How house prices will be affected under Scott Morrison
One of the nation’s top economists has revised his house price predictions in light of a Coalition victory. Here’s what his property roadmap looks like for the nation’s investors.
AMP chief economist Shane Oliver said the combination of Labor’s negative gearing plans not coming into effect, a cash rate cut likely for next week, Mr Morrison’s promised financial help for first home buyers and the banking regulator relaxing its 7 per cent interest rate test points to house prices bottoming earlier and higher than previously expected.
Mr Oliver now anticipates capital city average house prices to have a top-to-bottom fall of 12 per cent – 10 per cent of which is already done – rather than 15 per cent.
Further, he expects prices to largely hit their floor at the end of the year.
A return to boom time?

However, given the still poor affordability, high debt levels, tighter lending standards and rising unemployment, a quick return to the boom time is unlikely.
Simply put: the fall has been big, and it will take a while to recover.
According to CoreLogic data, the fall in dwelling prices in capital cities are down 9.7 per cent from the highs of September 2017. With this, the total fall in value is the worst in 40 years, with Darwin (28 per cent), Sydney (15 per cent) and Melbourne (11 per cent) being the hardest hit.
How we got here
According to Mr Oliver, a range of pricing and economic factors caused the downturn:
- Firstly, a correction to the huge surge in 2017, where properties where overvalued and mortgagees were left with high debt
- The end of the mining booms in 2014 for Perth and Darwin
- Tightening lending standards that cracked down on lending to investors and interest-only loans
- A surge in supply of units in the major capitals
- 80 per cent collapse in foreign demand
- A big pool of interest-only borrowers switching to principal and interest loans
- Price fall feeding on themselves with a fear of not getting out of the market driving down the price
- Investors started to fact in the probability of Labor victory, which would restrict capital and capital gain taxes, meaning another 5 to 10 per cent could fall
Recent wins for the property market
While the drags remain significant, several positives have become apparent over the last few weeks. Mr Oliver believes these will help stabilise the market:
- First home buyers are now on the way as the government’s First Home Loan Deposit scheme takes effect.

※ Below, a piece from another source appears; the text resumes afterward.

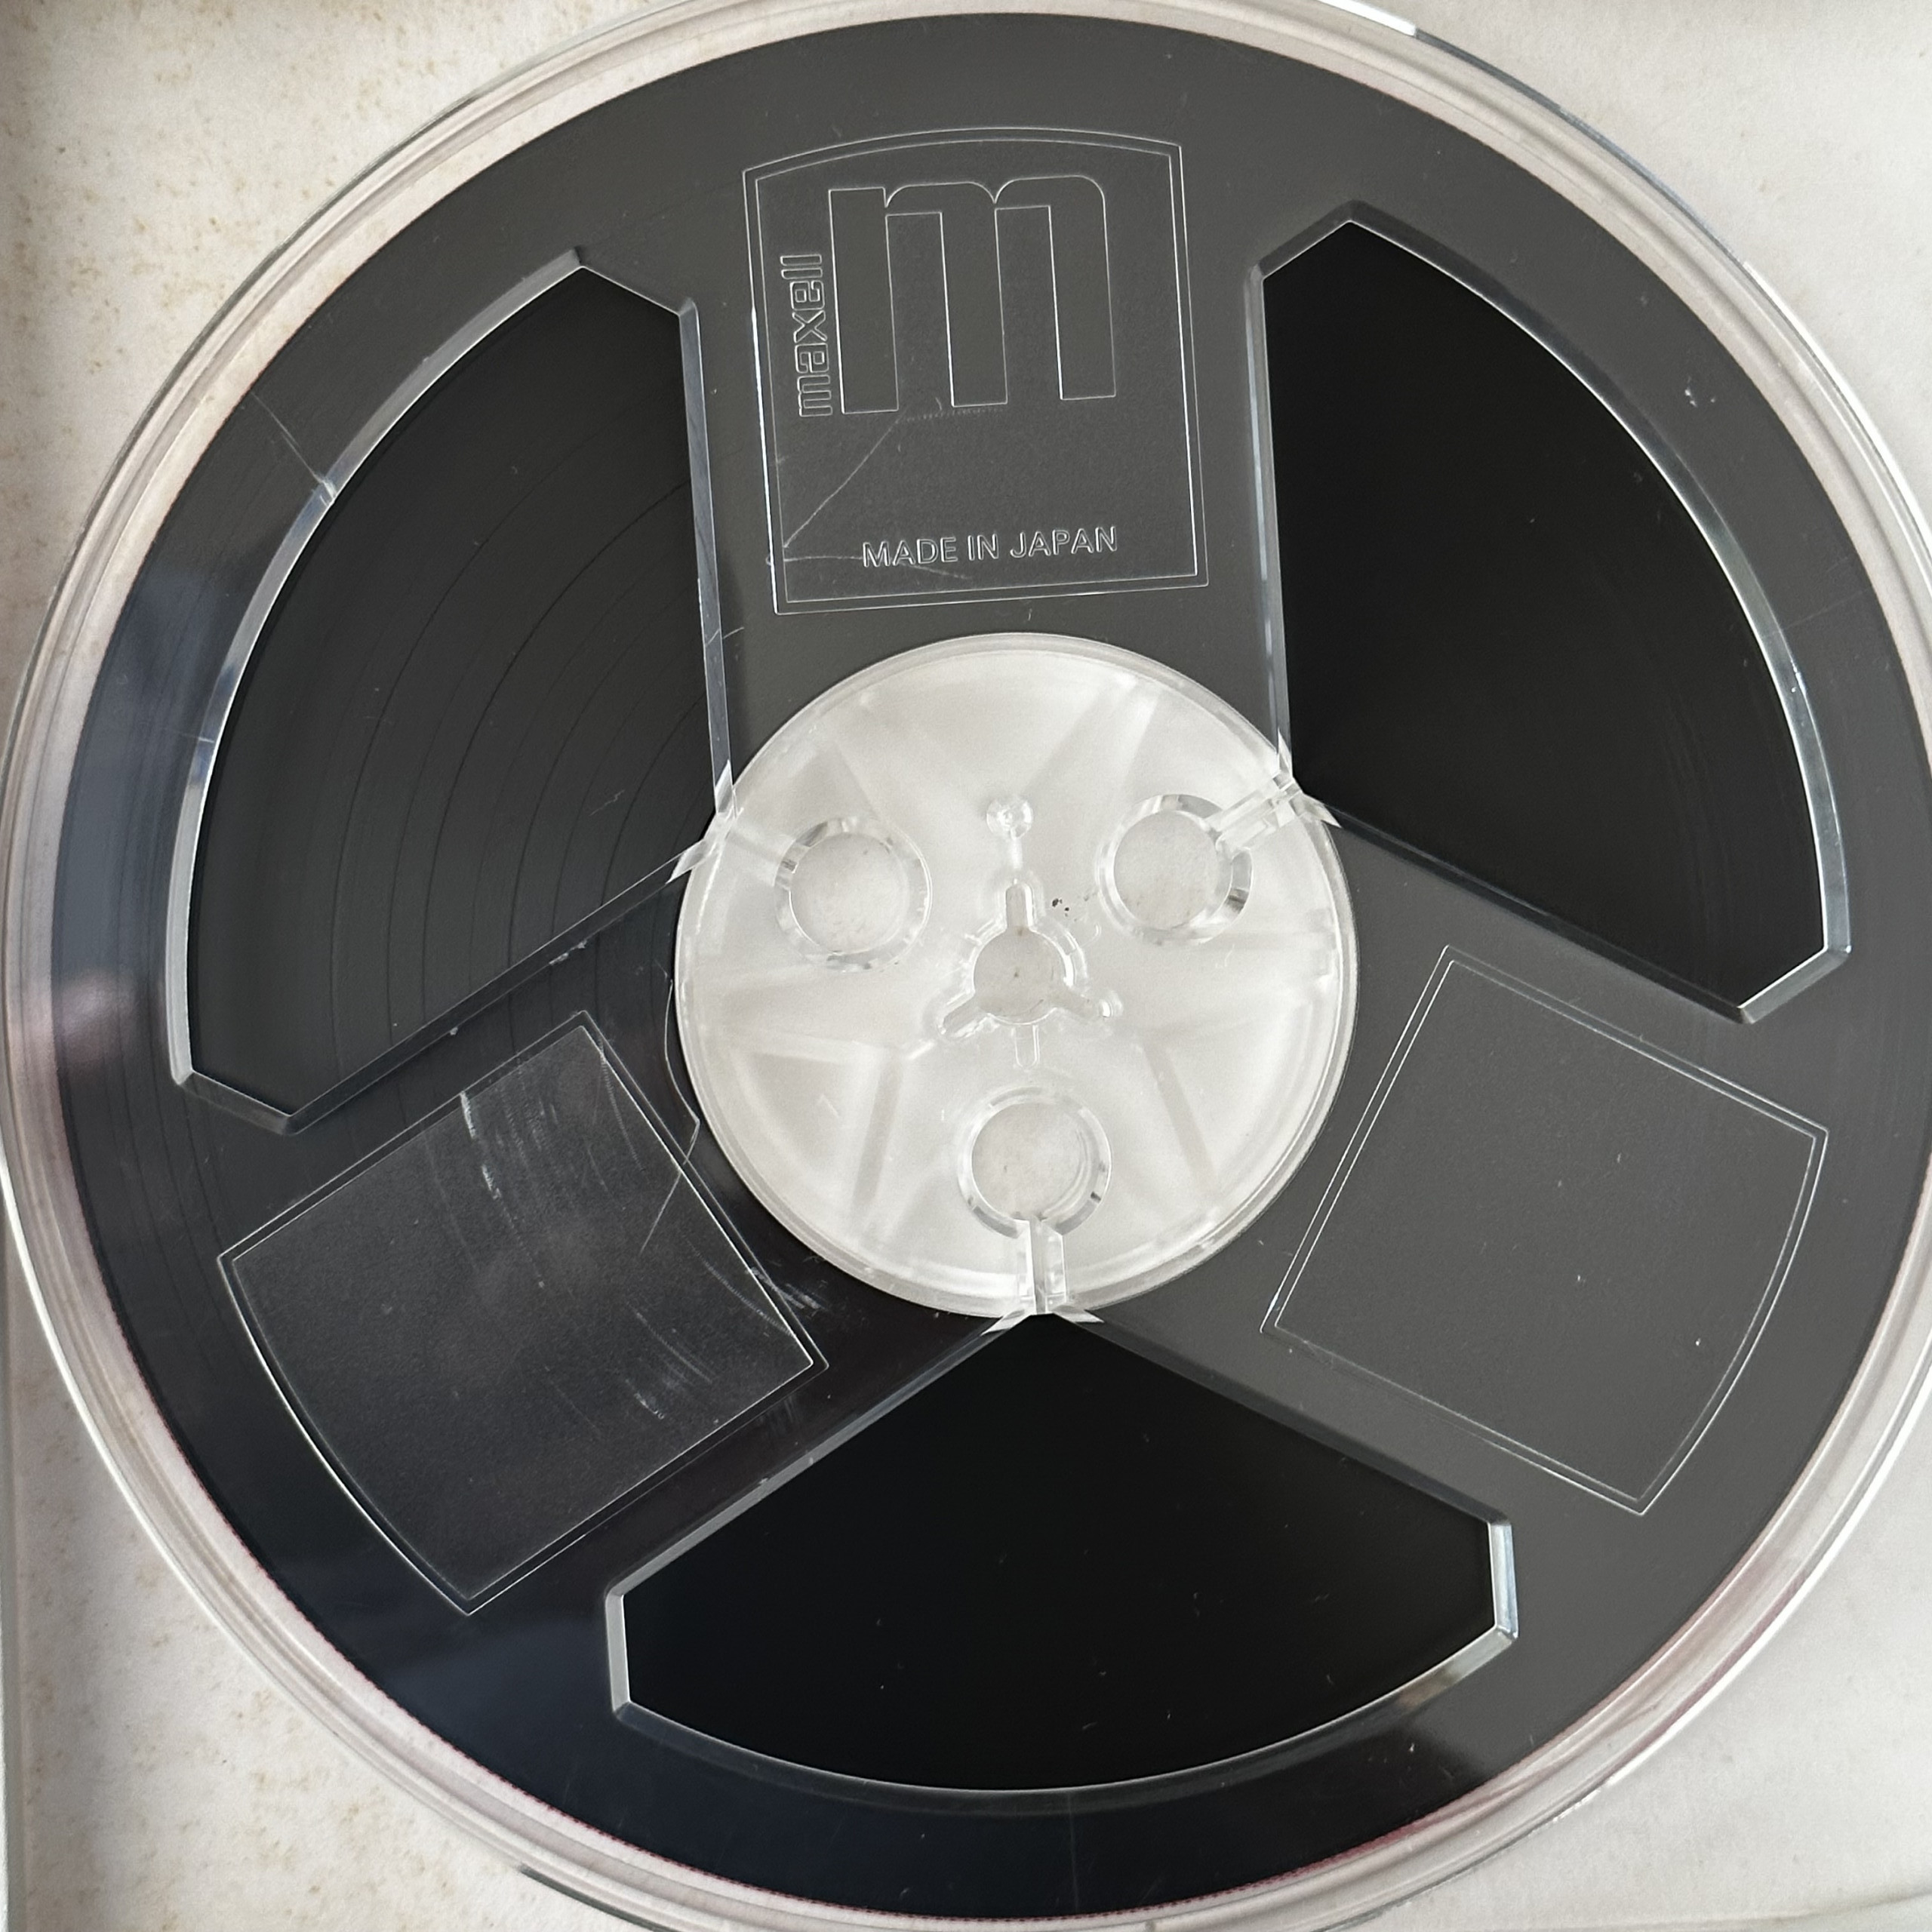 Maxell XL-1 Reel to Reel Recording Tape, LP, 7″ Reel, 1800 ft

- Secondly, APRA is lowering the 7 per cent mortgage buffer making it easier to access capital.
- The RBA governor has all but confirmed that rate cuts are on the way.
- The threat to changes to negative gearing and CGT is gone with a Morrison government victory.

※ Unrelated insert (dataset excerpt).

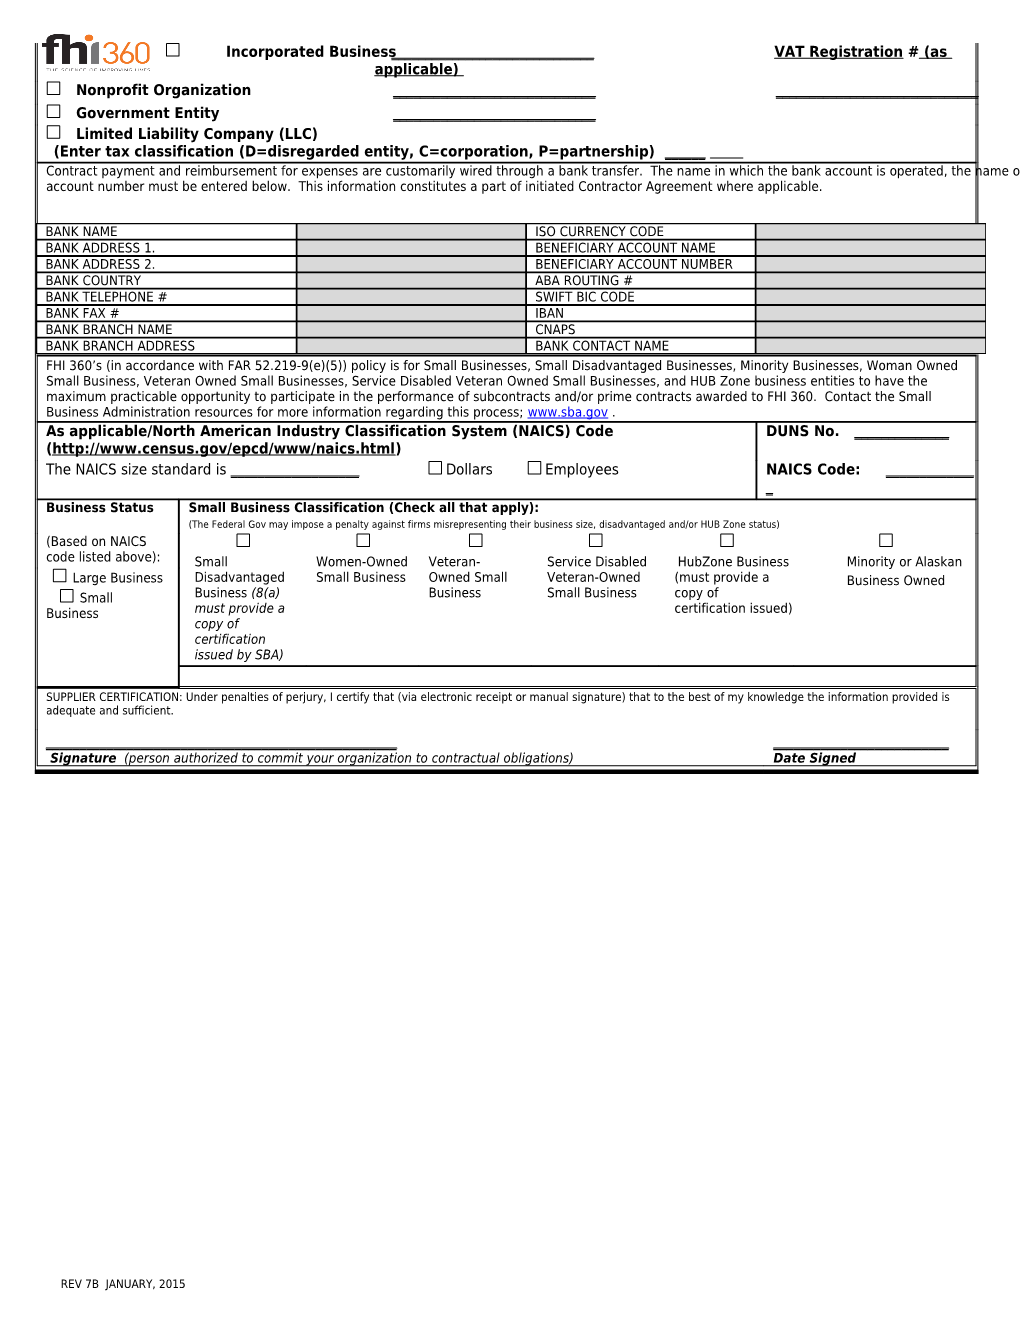 Supplier Certification Form s1

The influence of unemployment
The main risk is that Australia slides into a downwards spiral as the housing downturn and global slump trigger a surge in unemployment, which by default spikes housing prices. According to Mr Oliver, ultimately, this could cause a 30 per cent plus falls in the national property prices.
AMP predicts that 60,000 jobs will be lost due to the housing downturn. However, a number of factors, including infrastructure spending, resources investment are near the bottom, non-mining investment looking strong and tax cuts for low and middle-income earners, should cap unemployment at less than 6 per cent.